Task goal — Pictures must not appear; the answer is exactly the lines from the one that holds "MO 3rd Floor Entrance 1x1-1224.jpg" through the end of the material.

Collected data —

———

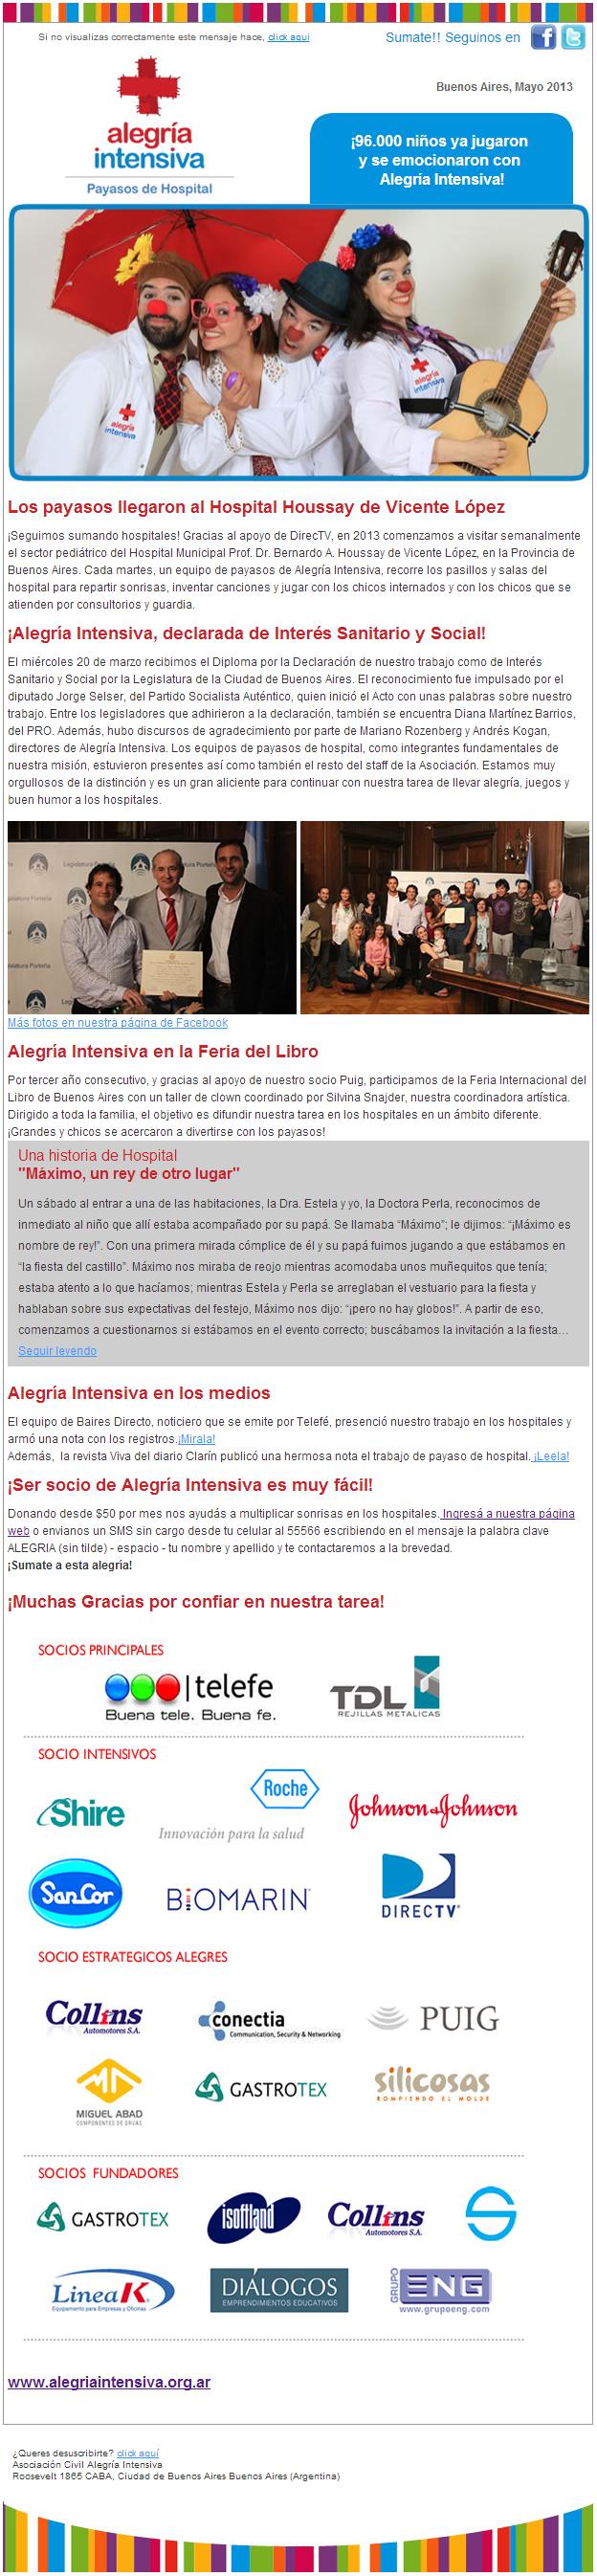 newsMayo2013
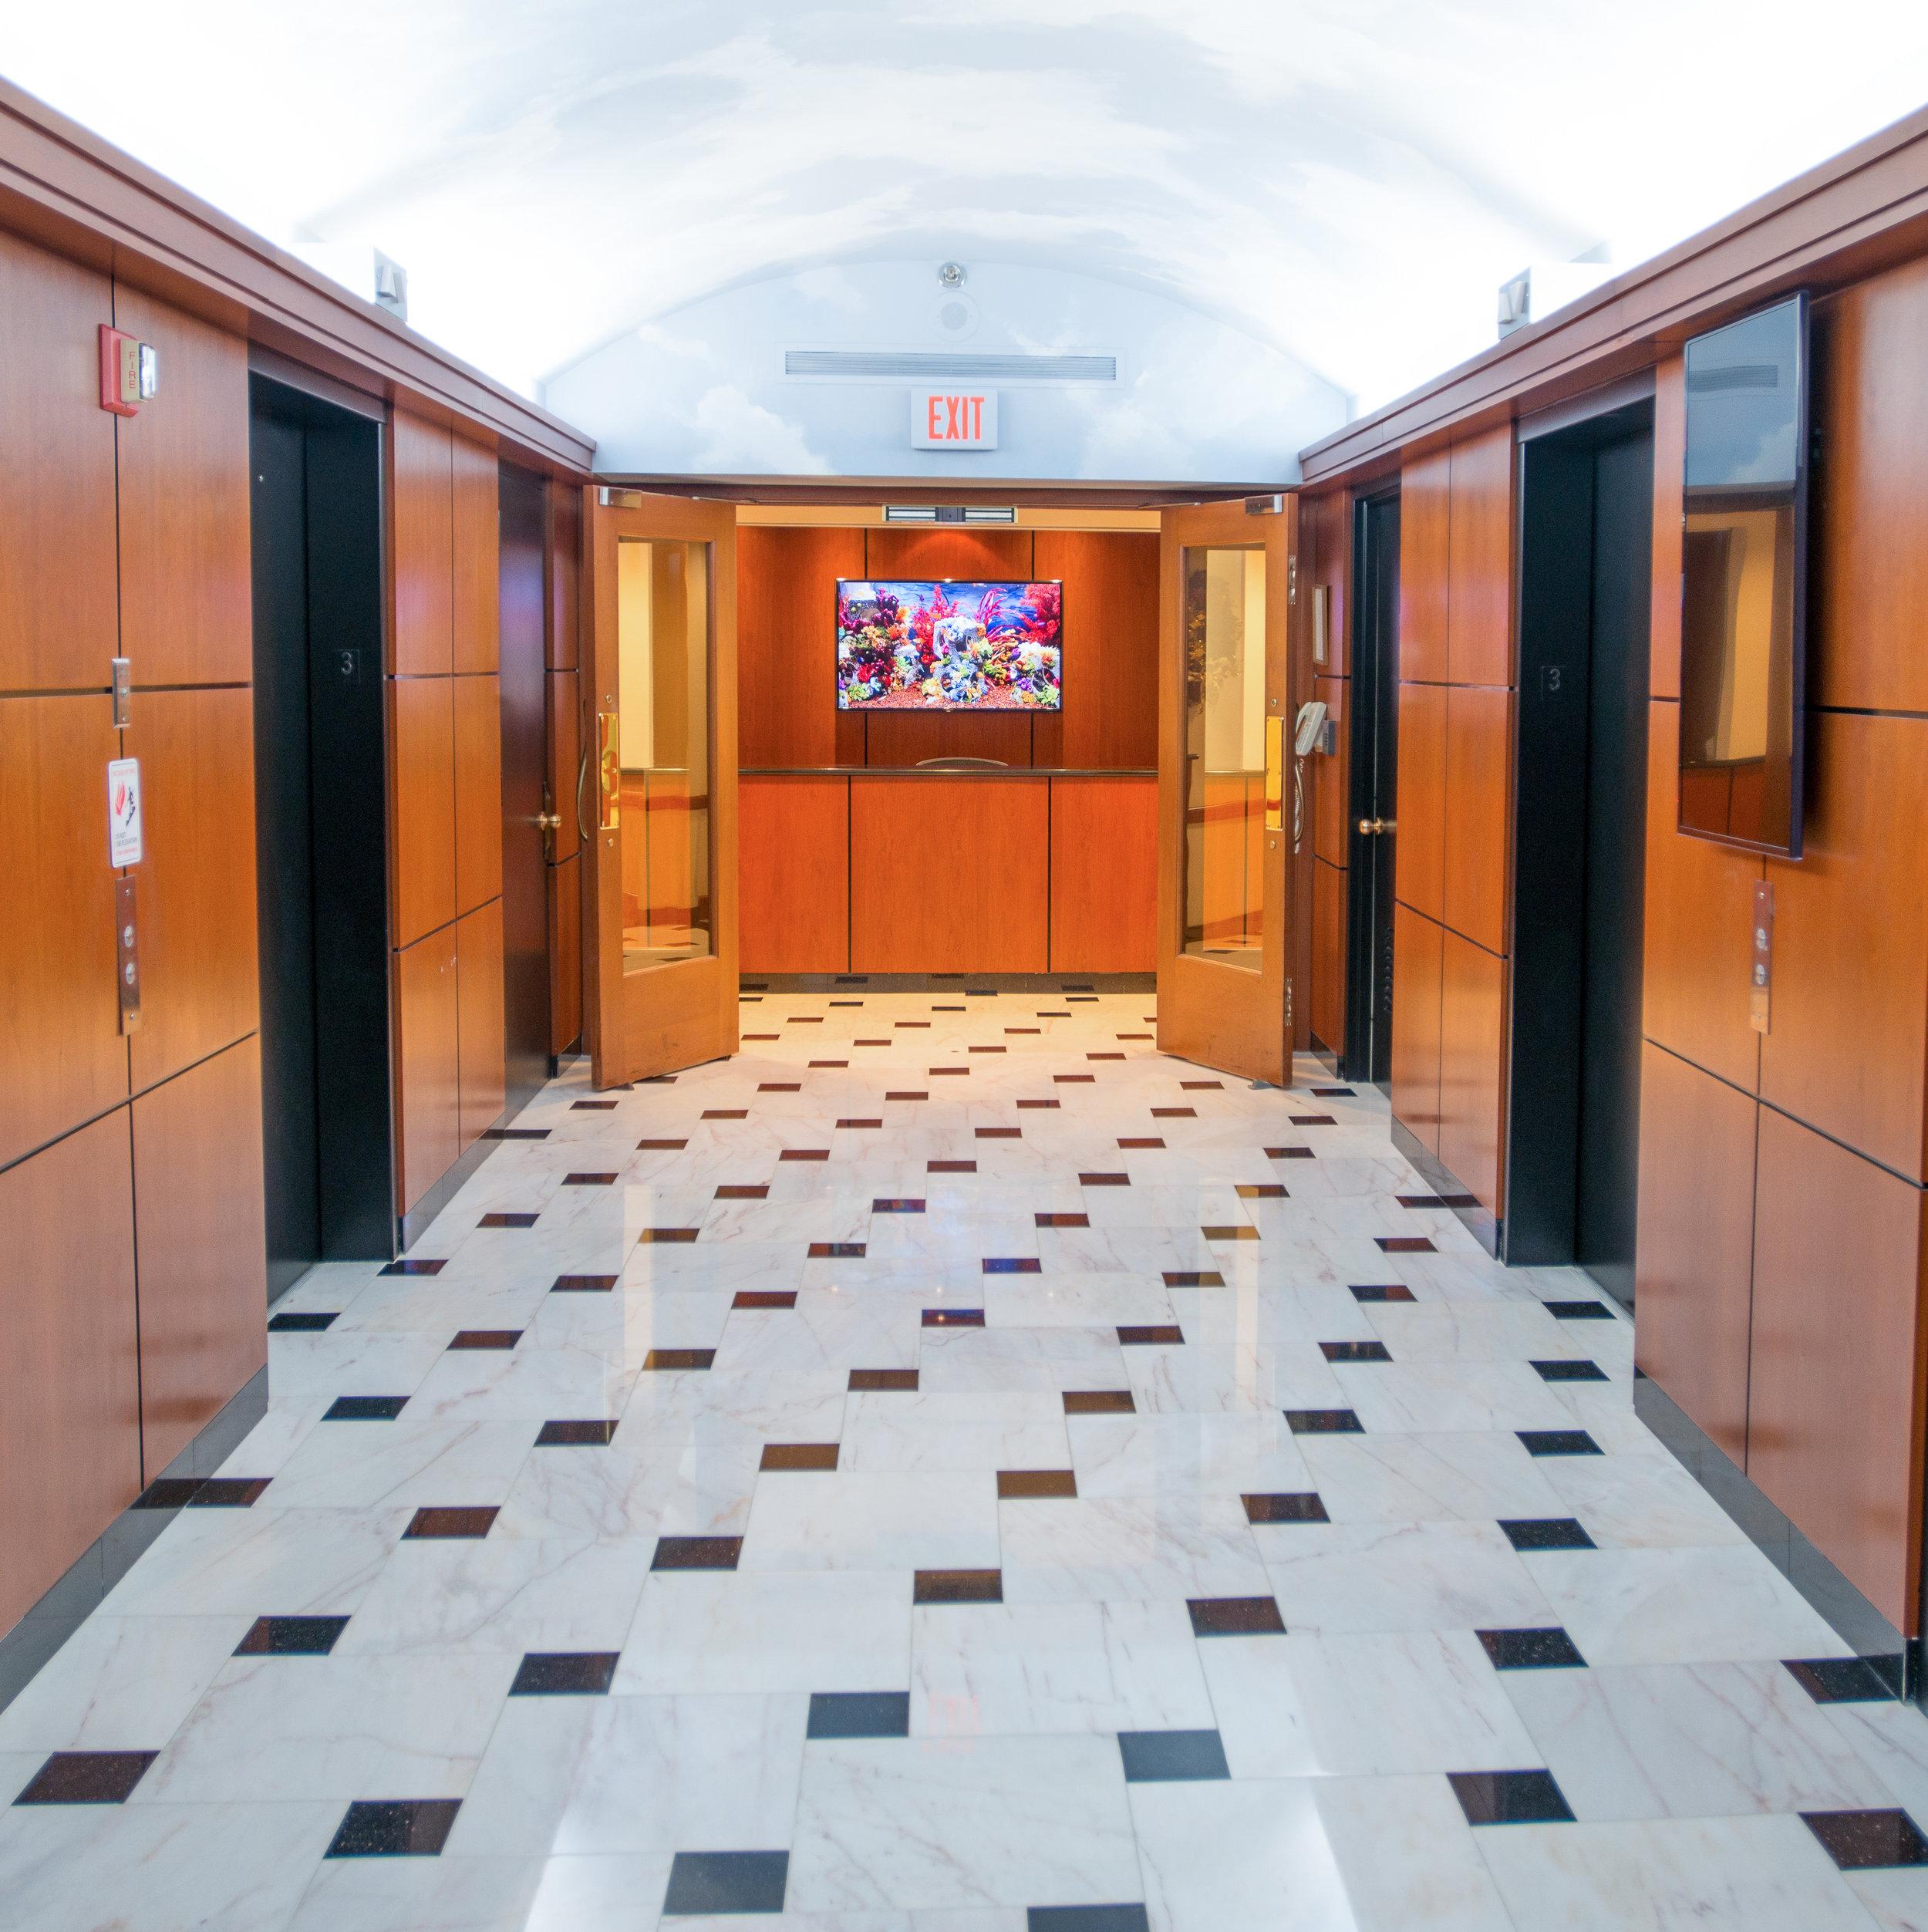 MO 3rd Floor Entrance 1x1-1224.jpg
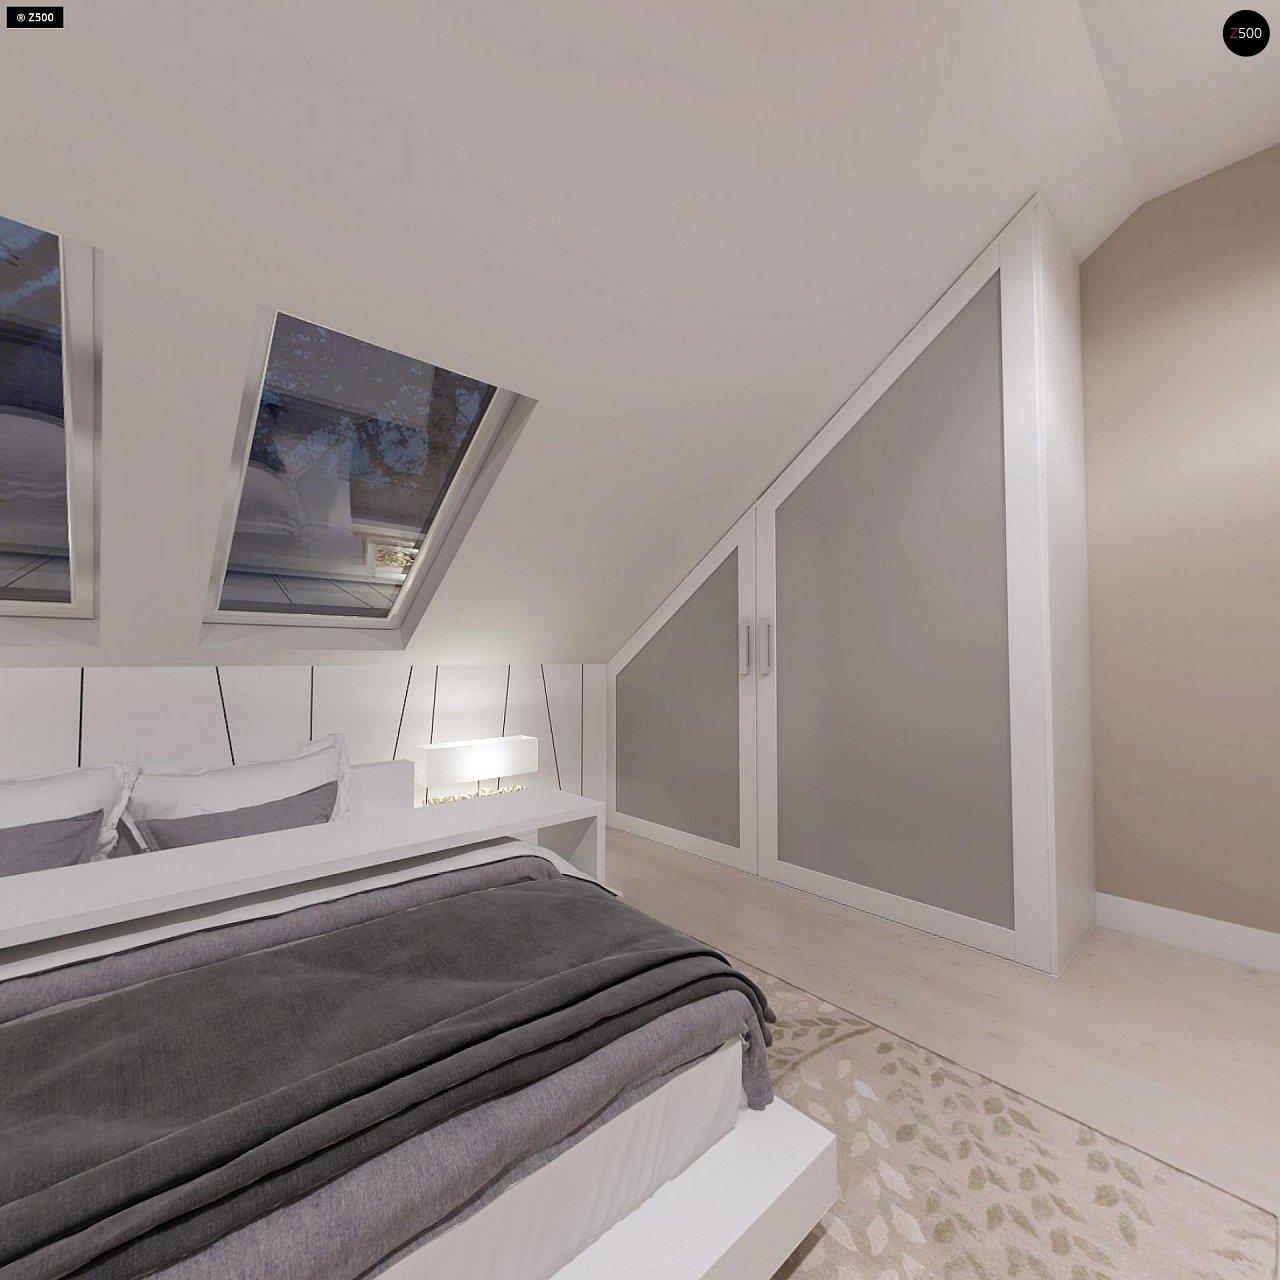 Компактный дом с мансардой, эркером в дневной зоне и c кабинетом на первом этаже. 12
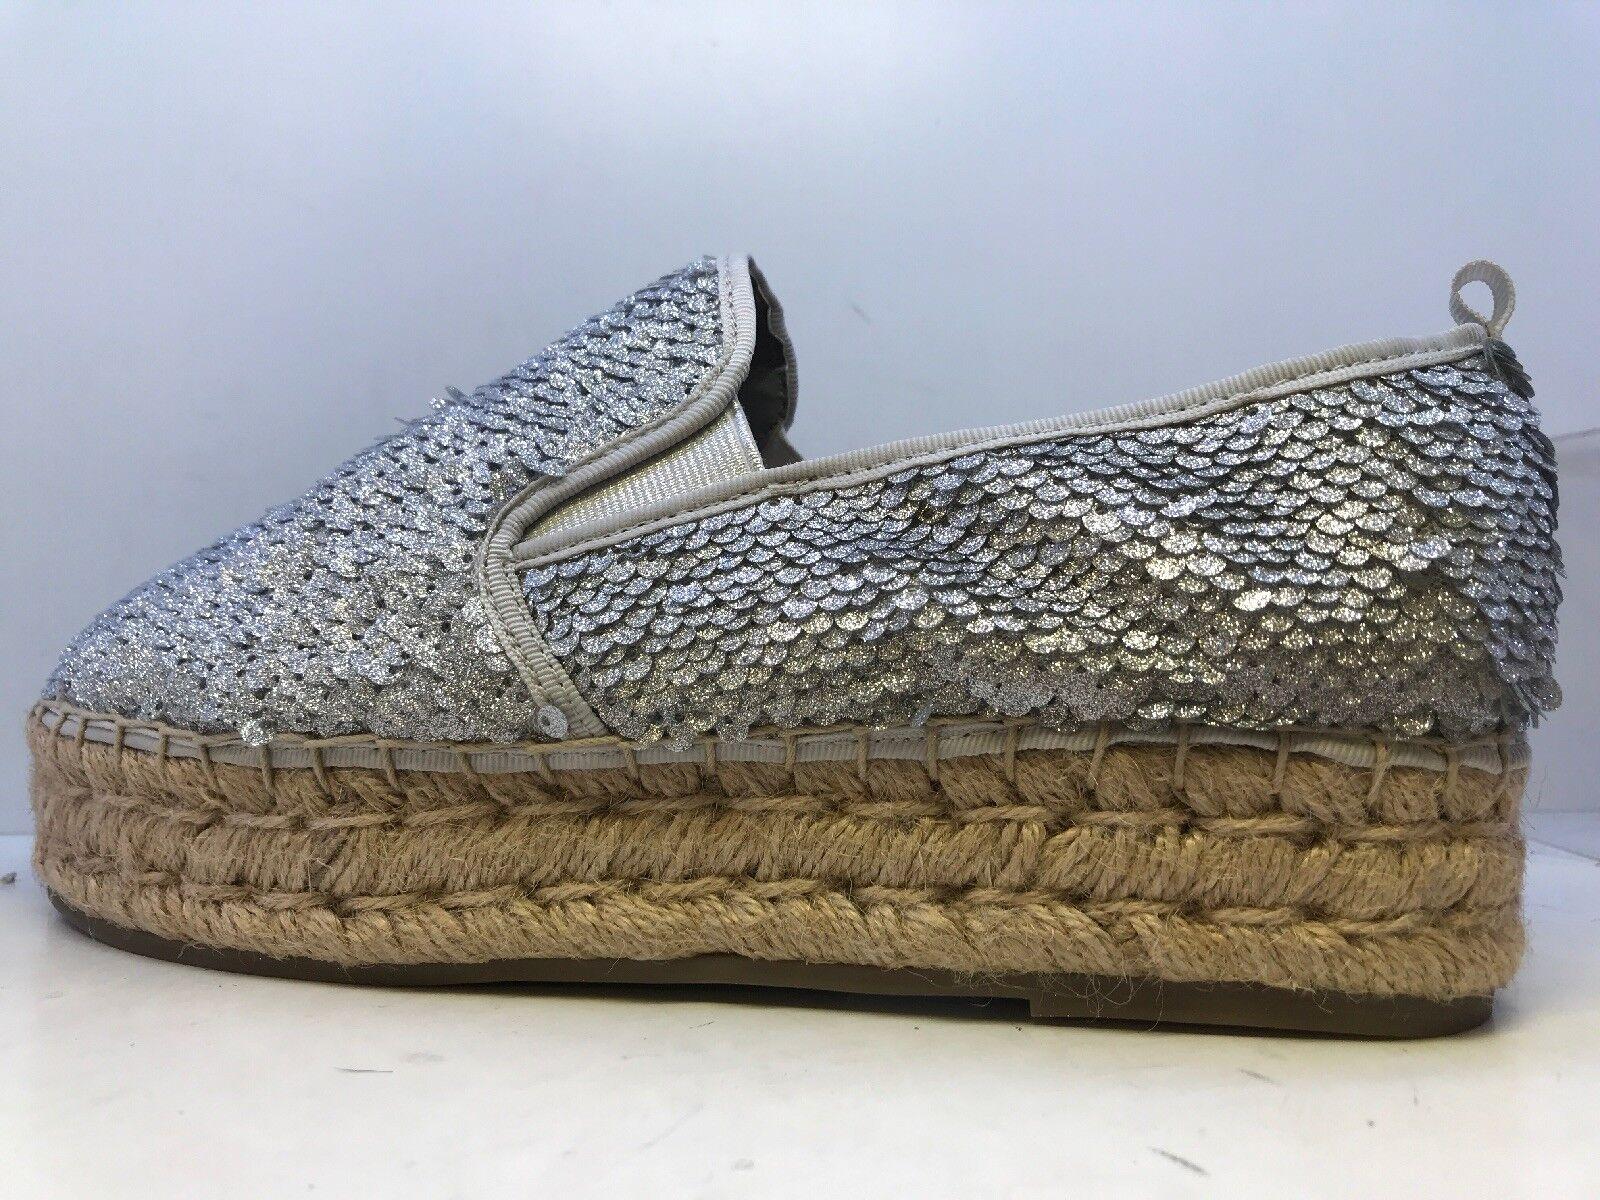 20165a6c41b802 ... Steve Madden Poppi Femmes argent pailletées Espadrilles Chaussures UK  Taille Taille Taille 6 | Jolie Et ...

———

Response below —
 MO 3rd Floor Entrance 1x1-1224.jpg
 Компактный дом с мансардой, эркером в дневной зоне и c кабинетом на первом этаже. 12
 20165a6c41b802 ... Steve Madden Poppi Femmes argent pailletées Espadrilles Chaussures UK  Taille Taille Taille 6 | Jolie Et ...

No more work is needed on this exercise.